The possibility exists that the Defendants could prevail and this Court could hold that Plaintiff is entitled to nothing as a result of LSI's breach of the agreement and failure to submit Frey's bills to her health insurer. Alternatively, this Court could find that LSI's bills were unreasonable and significantly reduce the amounts recoverable by Plaintiff. In either event, Plaintiff would be prejudiced because LSI would not be a party to this action and would therefore not be entitled to indemnity from LSI. Furthermore, the possibility exists that [Medical Lien] could prevail in this action, but yet Defendants could prevail in a separate state court action against LSI for breach of contract, fraud, and a violation of the Florida Deceptive and Unfair Trade Practices Act. These scenarios would produce inconsistent results.

(Doc. #27 at 6; Doc. #28 at 6). The Court disagrees that these scenarios constitute "inconsistent results" that warrant dismissal of this case under Rule 19. To the extent Defendants may assert a defense based on LSI's actions, that defense is in no way compromised by the absence of LSI as a party. To the extent Defendants seek indemnification from LSI, Defendants may seek protection by impleading LSI under Rule 14.2 See Alfa Life Ins., 236 F.R.D. at 571. Accordingly, the Court finds that LSI's absence as a party will not result in prejudice to LSI or the existing litigants.

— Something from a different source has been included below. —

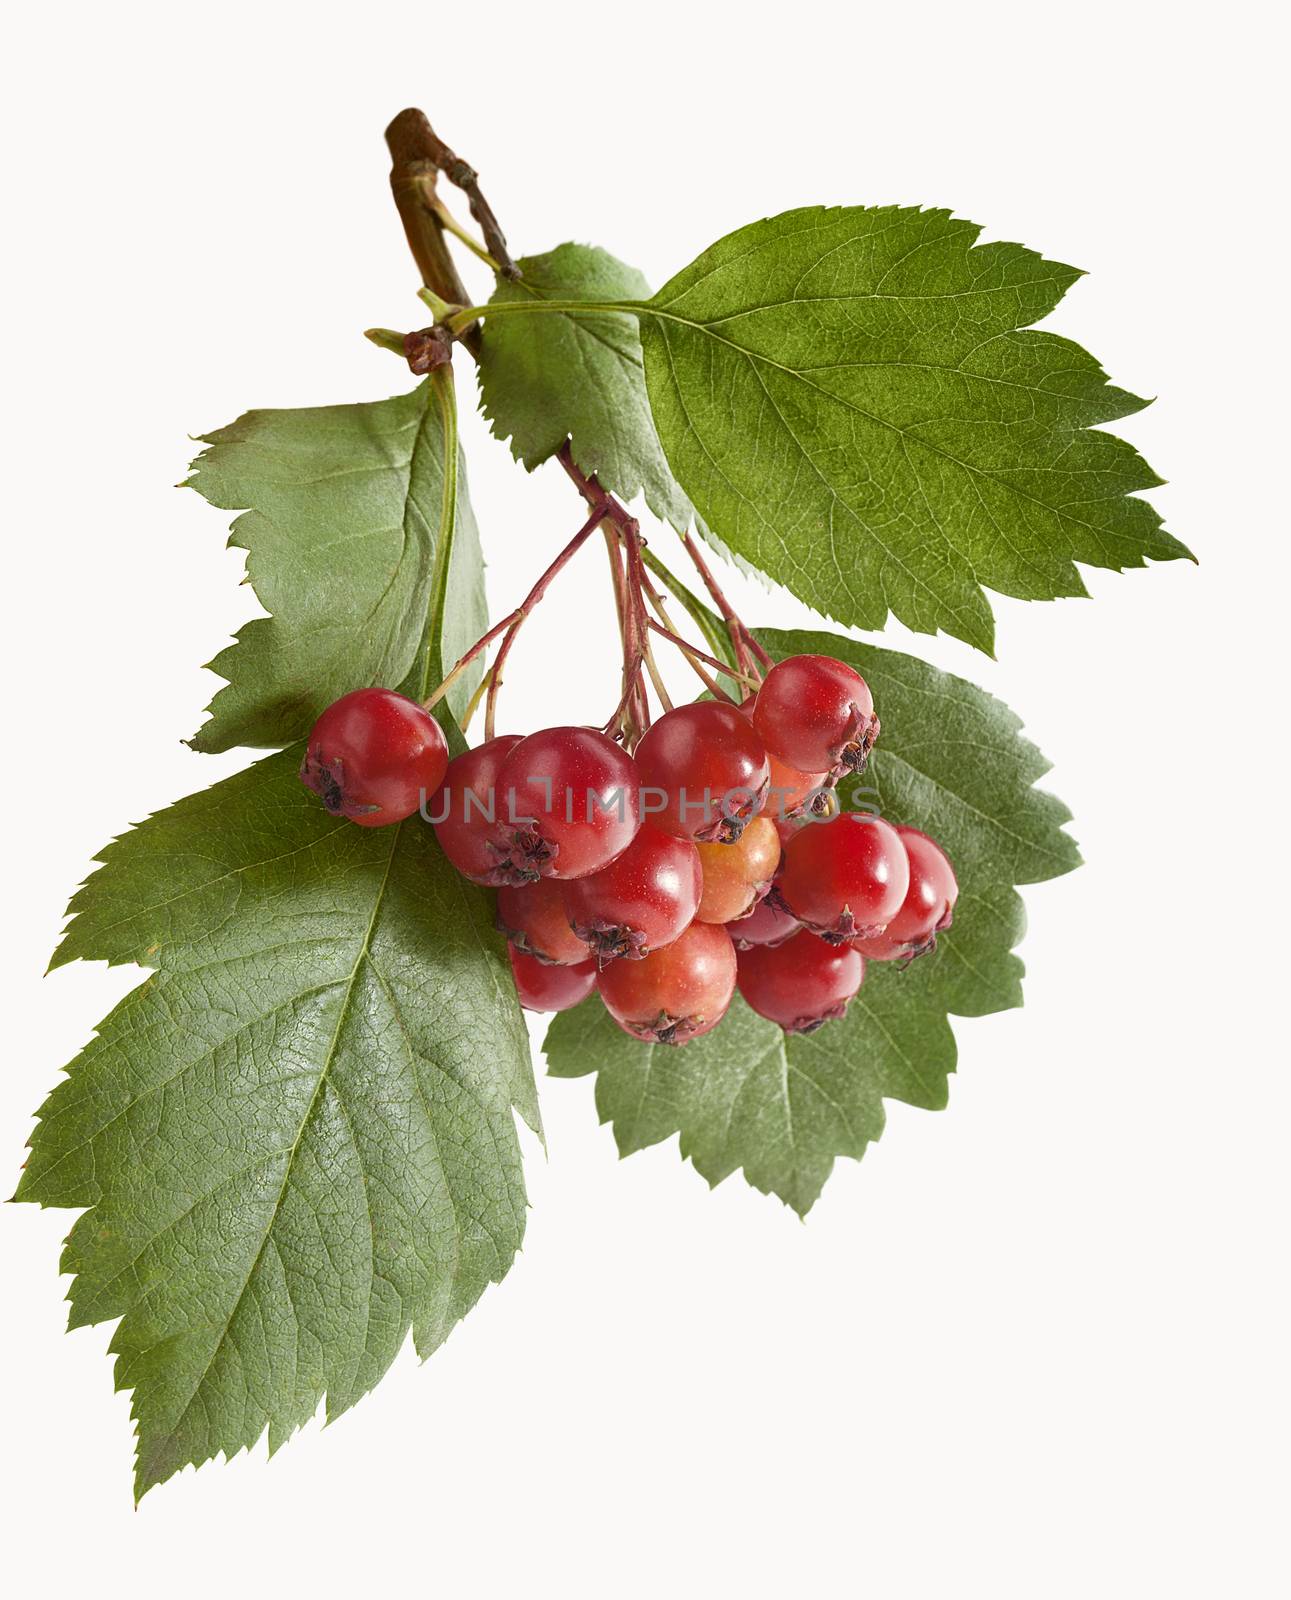 Isolated branch of hawthorn with berries and leaves

Furthermore, even if the Court had determined that LSI should be joined under Rule 19(a), the Court finds that joinder of LSI would not necessarily divest this Court of jurisdiction as Defendants claim. Defendants argue that "LSI's joinder would destroy diversity jurisdiction because it is a Florida corporation." (Doc. #27 at 4; Doc. #28 at 4). However, the Court fails to discern Defendants' argument, if it exists, that LSI should be joined as a plaintiff in this matter. Otherwise, if joined as a defendant under Rule 19, LSI would not destroy diversity of citizenship as "a Florida corporation" because each existing Defendant is also a citizen of Florida.

Therefore, the Court declines Defendants' invitation to dismiss this action pursuant to Rule 12(b)(7) for failure to join a party under Rule 19. The Court determines that LSI is not a party who should be joined if feasible. Furthermore, even if the Court had determined that LSI should be joined in consideration of the factors enumerated in Rule 19(a), the Court remains unconvinced that LSI's joinder would divest this Court of jurisdiction. "The burden is on the moving party to establish that a person is necessary or indispensable," and Defendants in the instant case have failed to meet this burden. BFI Waste Sys. of N. Am., Inc. v. Broward Cnty., Fla., 209 F.R.D. 509, 514 (S.D. Fla. 2002).

Accordingly, it is

ORDERED, ADJUDGED, and DECREED:

Defendants Susan Frey, Jeffrey D. Murphy, P.A., and Jeff Murphy's Motions to Dismiss Amended Complaint (Doc. ## 27, 28) are DENIED.

DONE and ORDERED.

FootNotes


1. Defendants do not dispute in their Motions to Dismiss that Medical Lien has authority to enforce the terms of the Letter of Protection.
2. The parties have not briefed the Court as to this possibility, and the Court accordingly makes no determination at this juncture as to whether impleader of LSI would be appropriate under Rule 14.